Check your own stuff
  • Let’s all go through what we have online and see what is a possible candidate for becoming obsoletely famous (I know for a fact that 75% of my onlinetools.org is). Squint your eyes and look at it in a menacing way – make it aware that its days are numbered*
  • Scan your bookmarks for good, modern tutorials and name them here.

* optional

Netscape 8.0 – the worst of two worlds?

Thursday, May 19th, 2005

It seems that the new Netscape browser does use Firefox as the main engine but renders with the MSIE engine on windows when the “site is relatively safe”, according to Yahoo news.

Does that mean when I want to use the CSS2 support in Firefox and allow Netscape 8 users to see the effects, I also need to send a trojan via some malicious JavaScript?


IE remains the dominant browser, but many users complain of its numerous security vulnerabilities and lack of modern features like tabbed browsing, which lets you visit multiple Web sites without opening multiple browser windows.

Firefox addresses those issues, but some sites won’t work because they’re tailored for IE. The new Netscape, which is only available for Windows PCs, addresses that quandary.

So instead of letting the developers tailoring for IE exclusively feel the impact of their arrogance by losing visitors, we make the browser more forgiving again. Thank you, Netscape!

Disabling Style Sheets via DOM

Thursday, April 14th, 2005

After a rather abysmal start of a three part article on DOM and CSS, Alejandro Gervasio came up with an interesting way to switch style sheets via DOM. I took the liberty to make the code a bit less obtrusive and checking for real DOM support.
It is not a real style switcher, and personally I consider JS only switchers pointless, but it is an interesting idea.

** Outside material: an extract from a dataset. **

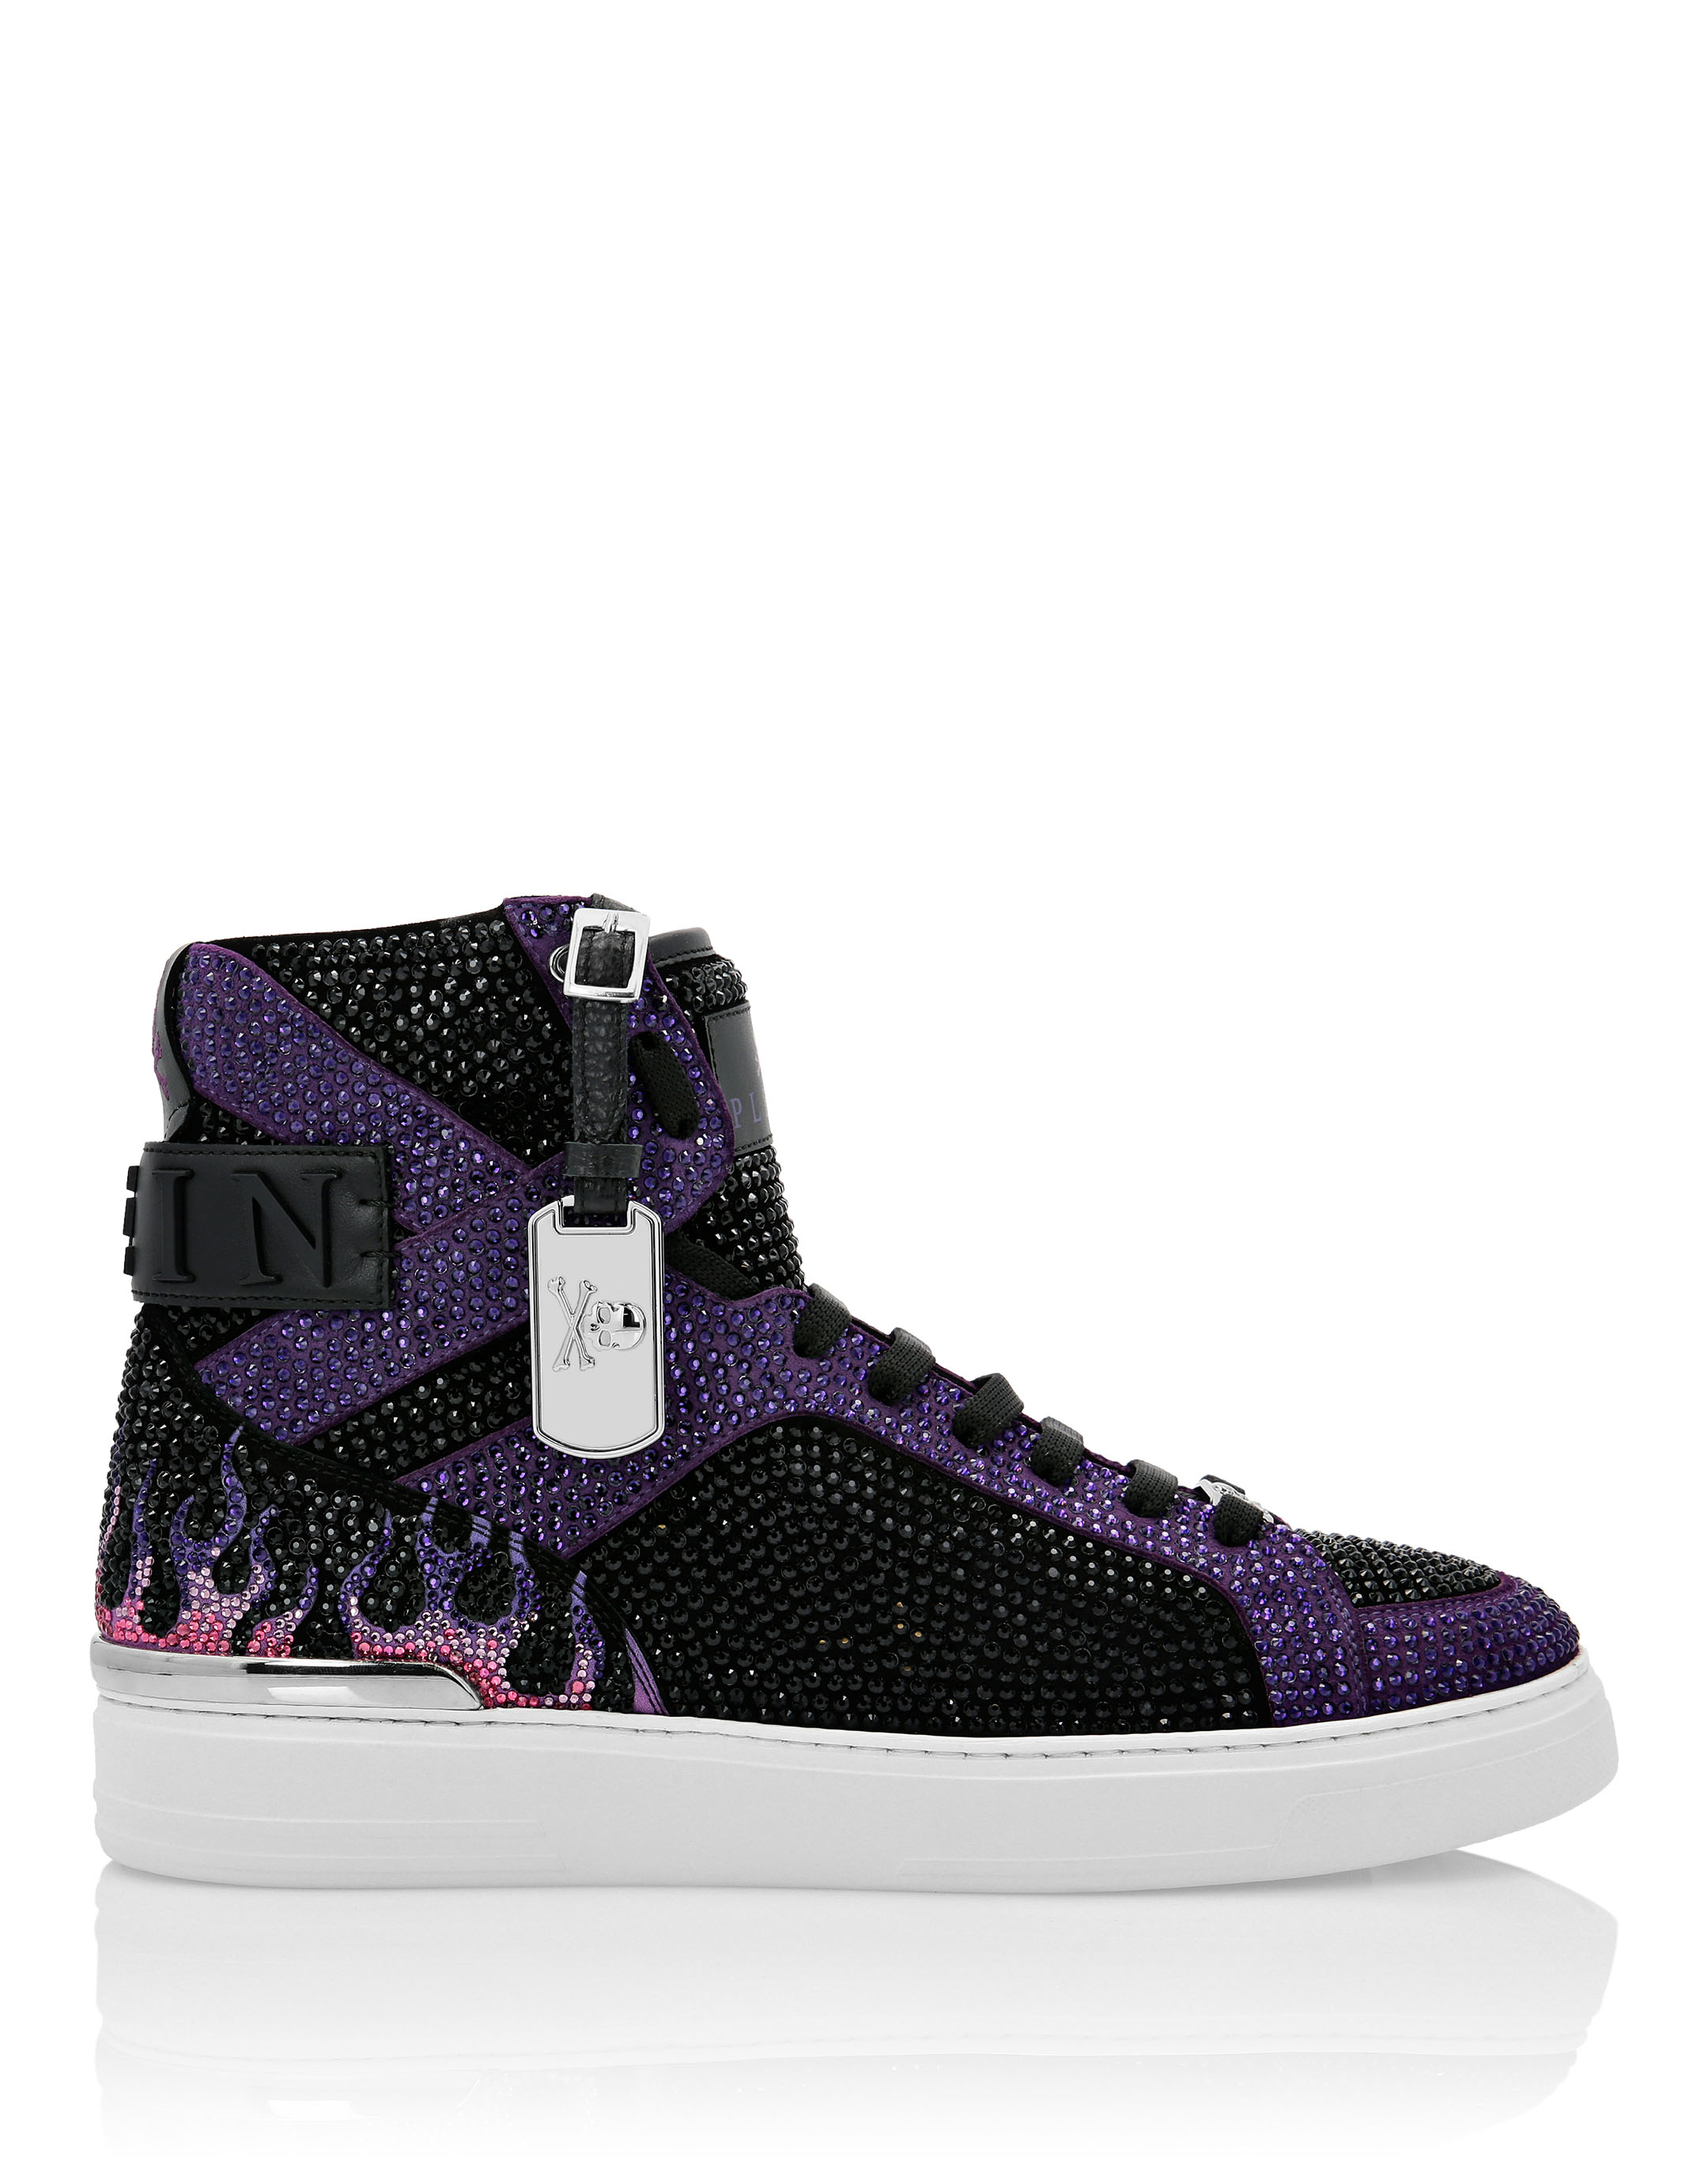 PHILIPP PLEIN, Purple Women's Sneakers

Wonderful article on colour and accessibility

Tuesday, February 15th, 2005

I just approved a truly wonderful article on colour and accessibility for evolt.org. Well written, to the point, and with loads of links to dive into.

Internet Explorer vs. Mozilla #12133

Thursday, February 3rd, 2005

There is a wonderful tongue-in-cheek comparison of Fx and MSIE on BBSpot. For a change, it does not compare the technicalities of the two browsers, but the things that really matter, like the stereotypical users and if it can help you to get laid.